Purpose
Describe the steps you need to build and test a 1.8 Lustre system (MGS, MDT, MDS, OSS, OST, client) on a CentOS 5 Toro machine.
Prerequisite
- Account on Toro
- Reservations on the nodes: client-10, client-11, client-12
- CentOS 5 provisioned on client-10 using loadhudsonbuild.rb
Overview
Lustre 1.8 servers require a patched and compiled kernel. Patches are readily available in the Whamcloud git source repository. The test suite is included with the Lustre 1.8 source.
Procedure
The procedure requires that a OS is setup for development - this includes Lustre source and kernel headers. Once setup, a new kernel can be patched, compiled, run and tested. Building a RPM based kernel is described in detail on the Lustre.org wiki.
Provision Machine
Once CentOS5.5 is provisioned on client-10 login as root.
- Install development tools:
yum groupinstall "Development Tools"
- Install a bunch of useful stuff:
yum install rpm-build redhat-rpm-config unifdef gnupg quilt git
- Create a user
build
with the home directory/build
useradd -d /build build
- Switch to user
su build
- Change to directory
~build
- Get the 1.8 branch from the Whamcloud git account.

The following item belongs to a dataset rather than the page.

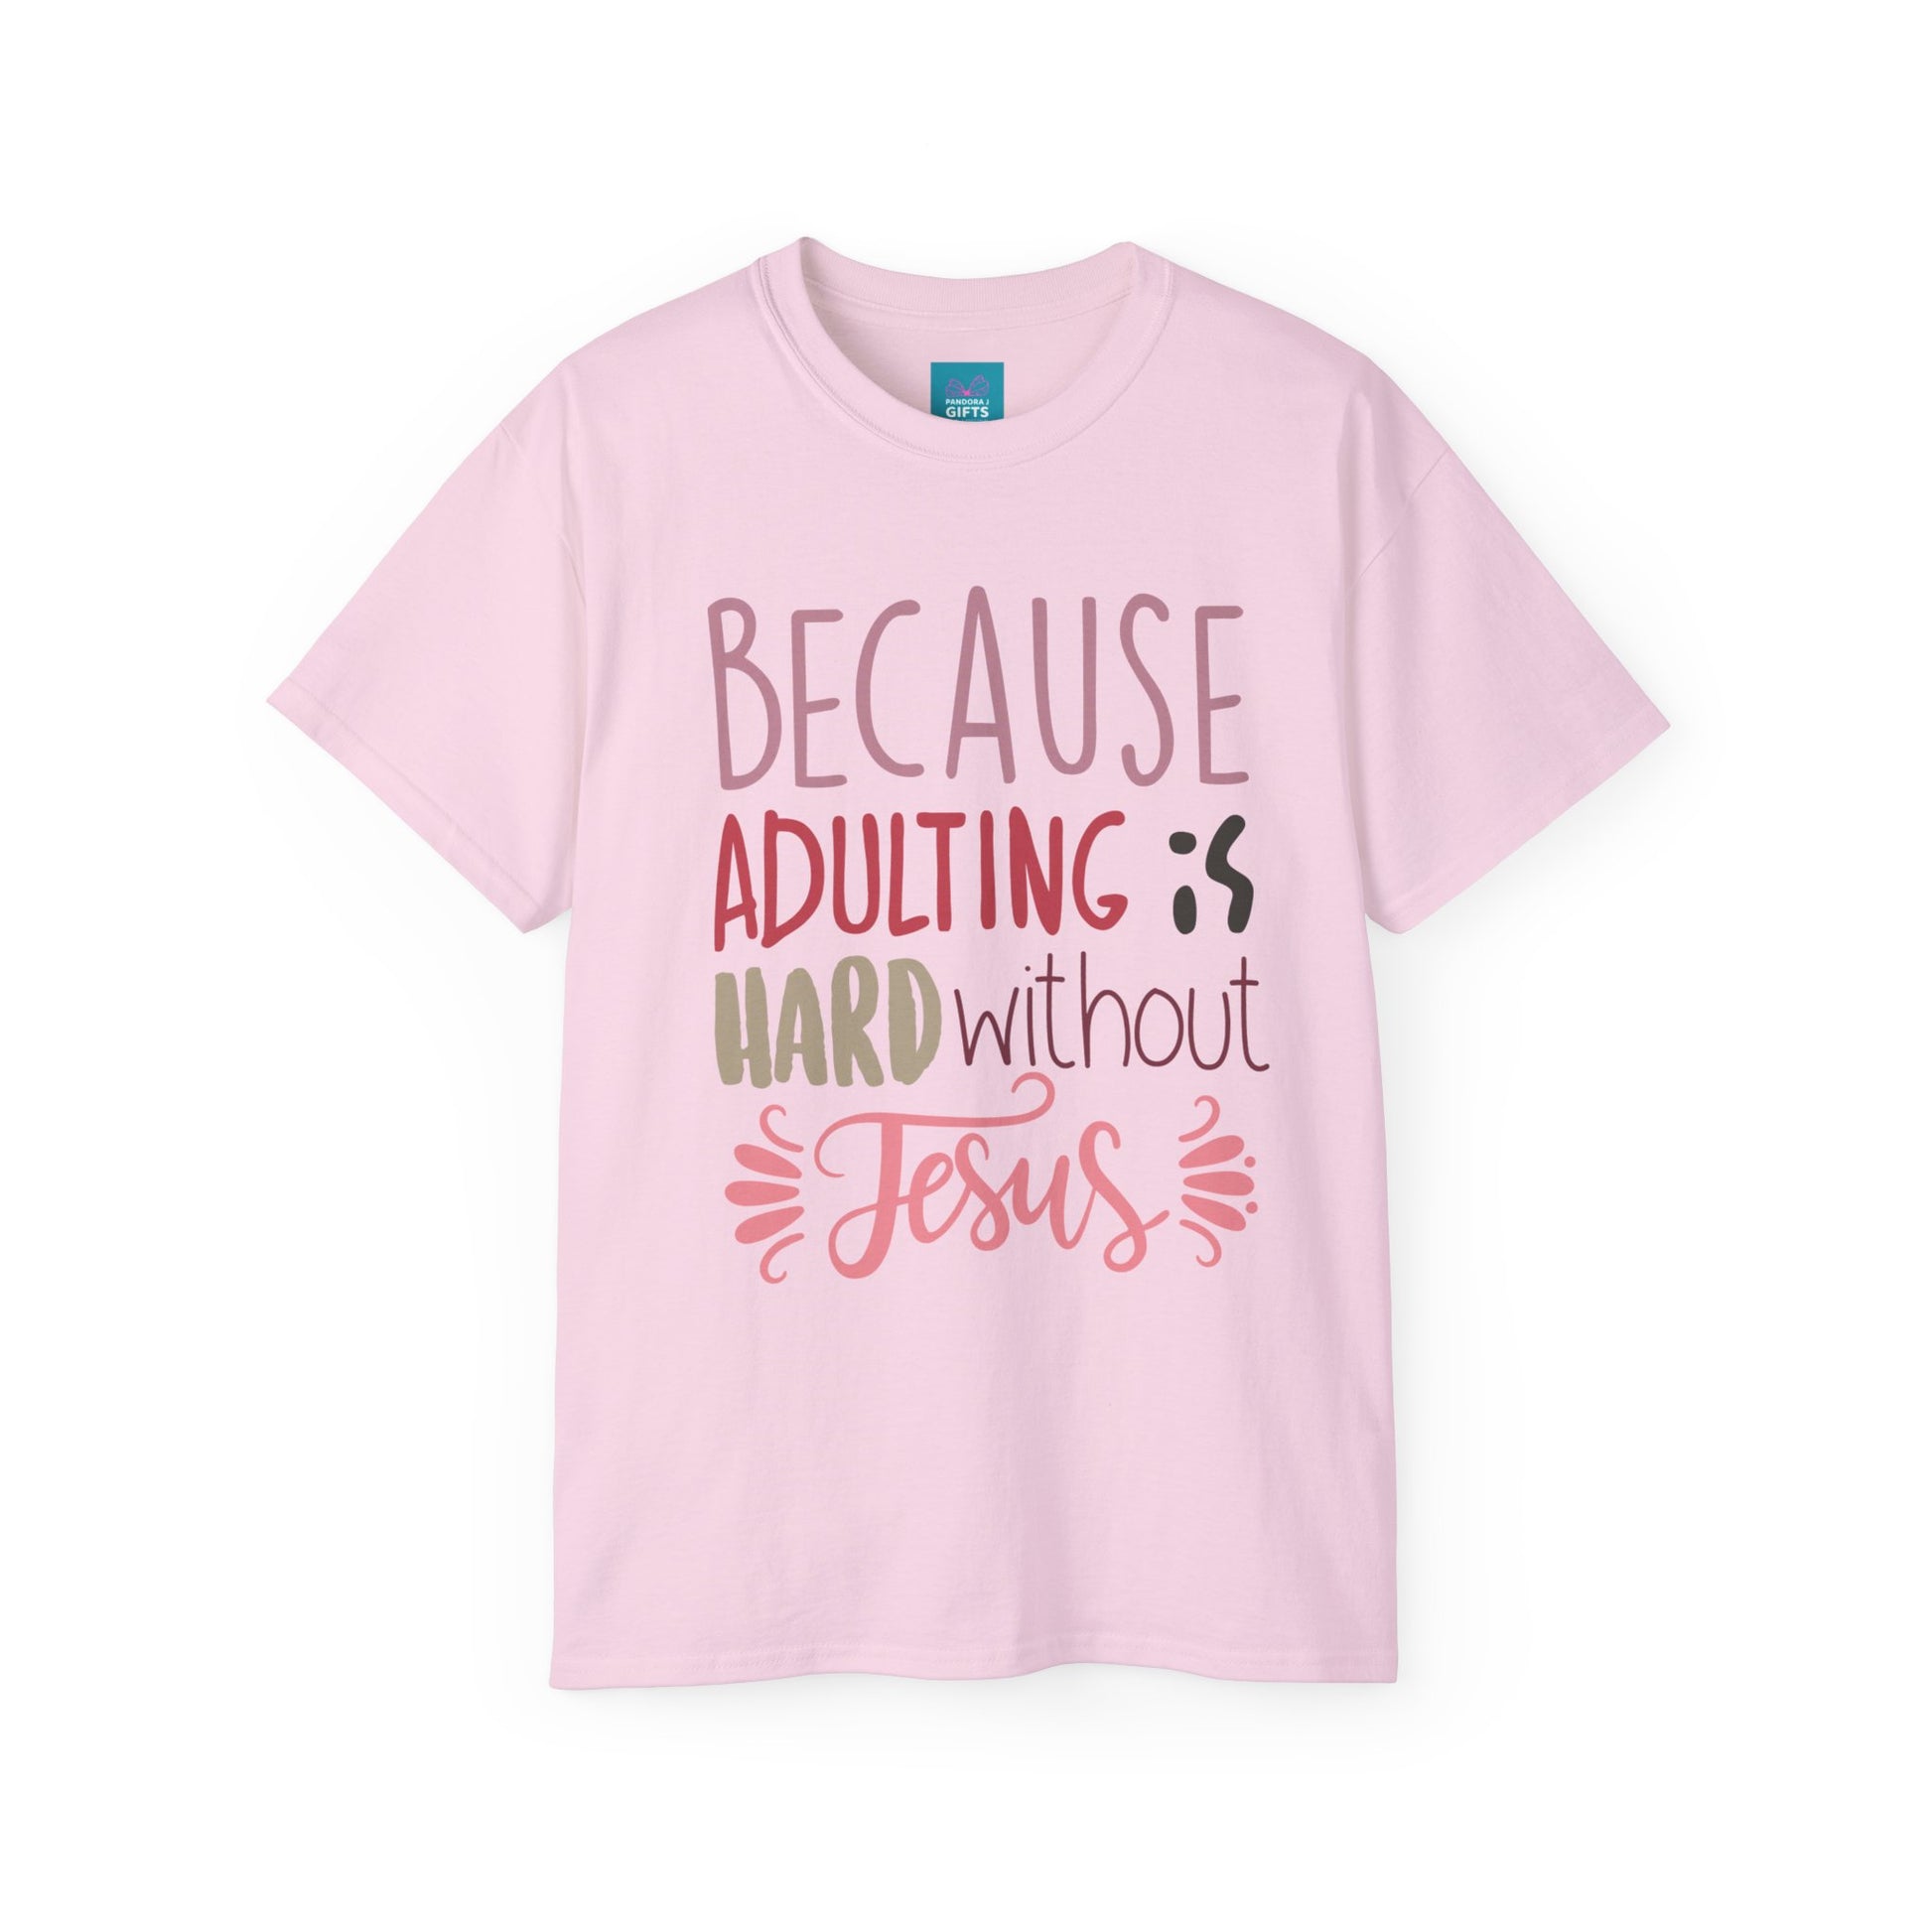 Pink shirt with words "Because Adulting is Hard without Jesus"

git clone git://git.whamcloud.com/fs/lustre-release.git cd lustre-release git checkout --track -b b1_8 origin/b1_8
- Run
sh ./autogen.sh
- Resolve the outstanding dependencies until
autogen.sh
completes successfully. Success will look like:[root@client-10 lustre-release]# sh ./autogen.sh Checking for a complete tree... checking for automake-1.9 >= 1.9... found 1.9.6 ... Running automake-1.9... Running autoconf... [root@client-10 lustre-release]#
Prepeare the kernel source
This section of the walk-thru is taken from http://wiki.centos.org/HowTos/Custom_Kernel
- Get the kernel source. First create the directory structure, then get the source from the RPM. Create a
.rpmmacros
file to install the kernel source in our user dir.cd mkdir -p kernel/rpmbuild/{BUILD,RPMS,SOURCES,SPECS,SRPMS} cd kernel echo '%_topdir %(echo $HOME)/kernel/rpmbuild' > ~/.rpmmacros
- Install the kernel source:
rpm -i http://mirror.centos.org/centos/5/updates/SRPMS/kernel-2.6.18-194.32.1.el5.src.rpm 2>&1 | grep -v mockb
- Expand the source. Using rpmbuild will also apply CentOS patches.

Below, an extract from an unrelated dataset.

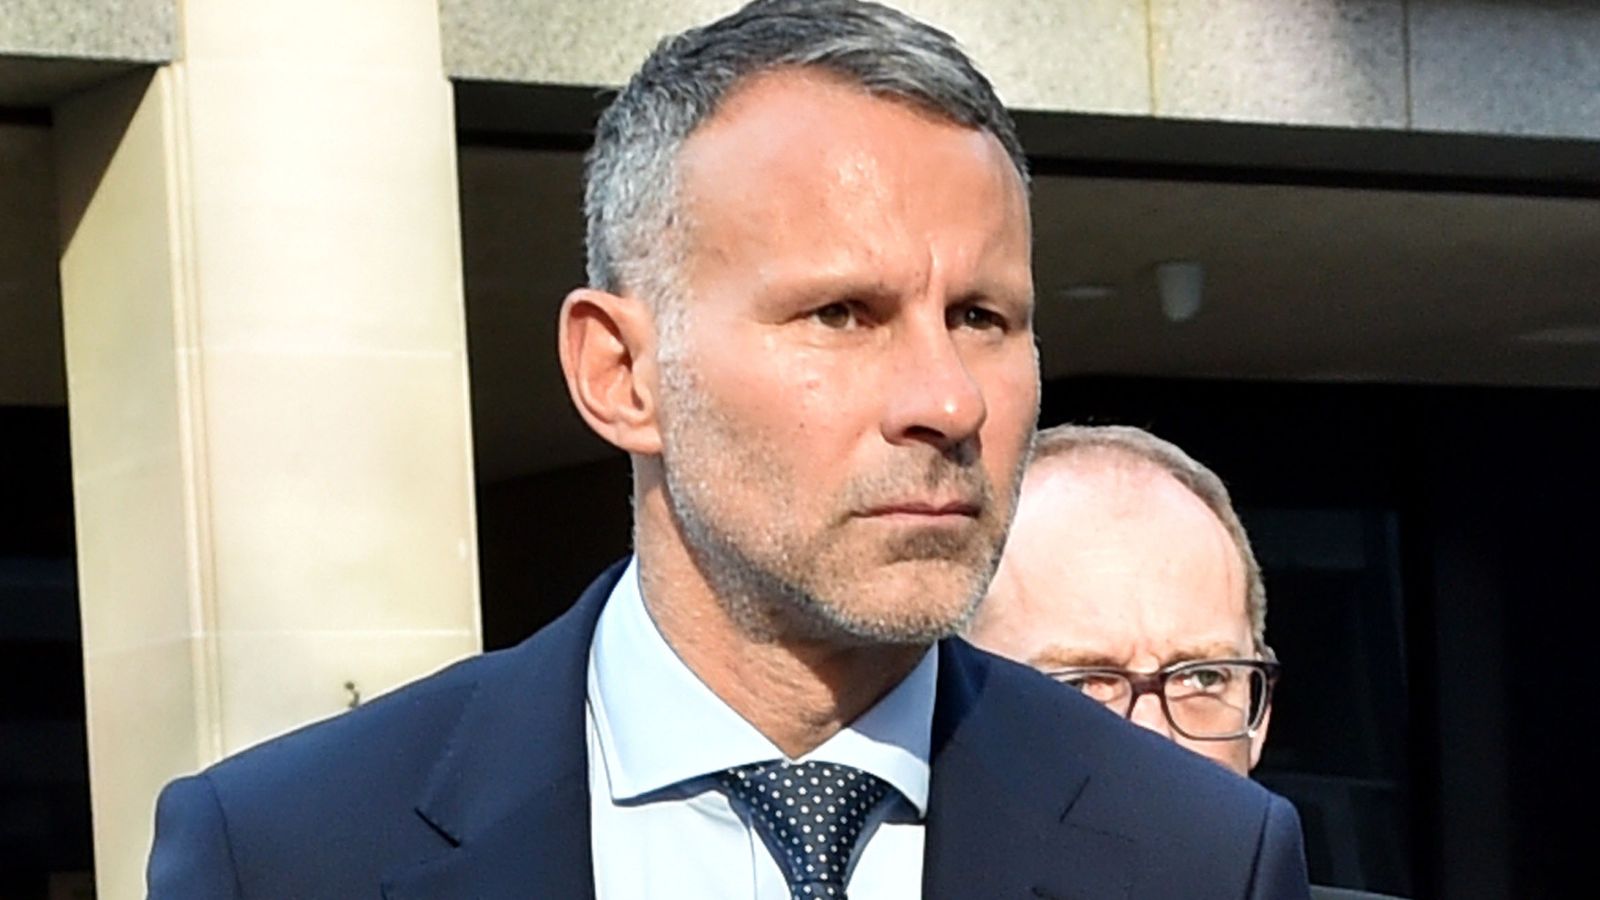 Ryan Giggs trial: Former footballer's ex-girlfriend says staged photo was to 'take back control'

cd ~/kernel/rpmbuild/SPECS rpmbuild -bp --target=`uname -m` ./kernel-2.6.spec
This should return a bunch of stuff and end:... + echo 'Patch #20216 (xen-hvm-correct-accuracy-of-pmtimer.patch):' Patch #20216 (xen-hvm-correct-accuracy-of-pmtimer.patch): + patch -p1 --fuzz=2 -s + exit 0
At this point, we now have a kernel souce, with all the CentOS patches applied, residing in the directory /build/kernel/rpmbuild/BUILD/kernel-2.6.18/linux-2.6.18.x86_64
Patch the kernel source with the Lustre code.
- Add a unique build id so we can be certain our kernel is booted. Edit
~build/kernel/rpmbuild/BUILD/kernel-2.6.18/linux-2.6.18.x86_64/Makefile
and modify lin 4, theEXTRAVERSION
to read:EXTRAVERSION = -lustre18
- enter the directory
/build/kernel/rpmbuild/BUILD/kernel-2.6.18/linux-2.6.18.x86_64
- overwrite the
.config
file with/build/lustre-release/lustre/kernel_patches/kernel_configs/kernel-2.6.18-2.6-rhel5-x86_64.config
cp /build/lustre-release/lustre/kernel_patches/kernel_configs/kernel-2.6.18-2.6-rhel5-x86_64-smp.config ./.config
- link the Lustre series and patches
ln -s ~/lustre-release/lustre/kernel_patches/series/2.6-rhel5.series series ln -s ~/lustre-release/lustre/kernel_patches/patches patches
- Apply the patches to the kernel source using quilt
quilt push -av ... ... Applying patch patches/jbd2_stats_proc_init-wrong-place.patch patching file fs/jbd2/journal.c Hunk #1 succeeded at 1042 (offset 143 lines). Now at patch patches/jbd2_stats_proc_init-wrong-place.patch
Build the new kernel as an RPM.
- Go into the kernel source directory and issue the following commands to build a kernel rpm.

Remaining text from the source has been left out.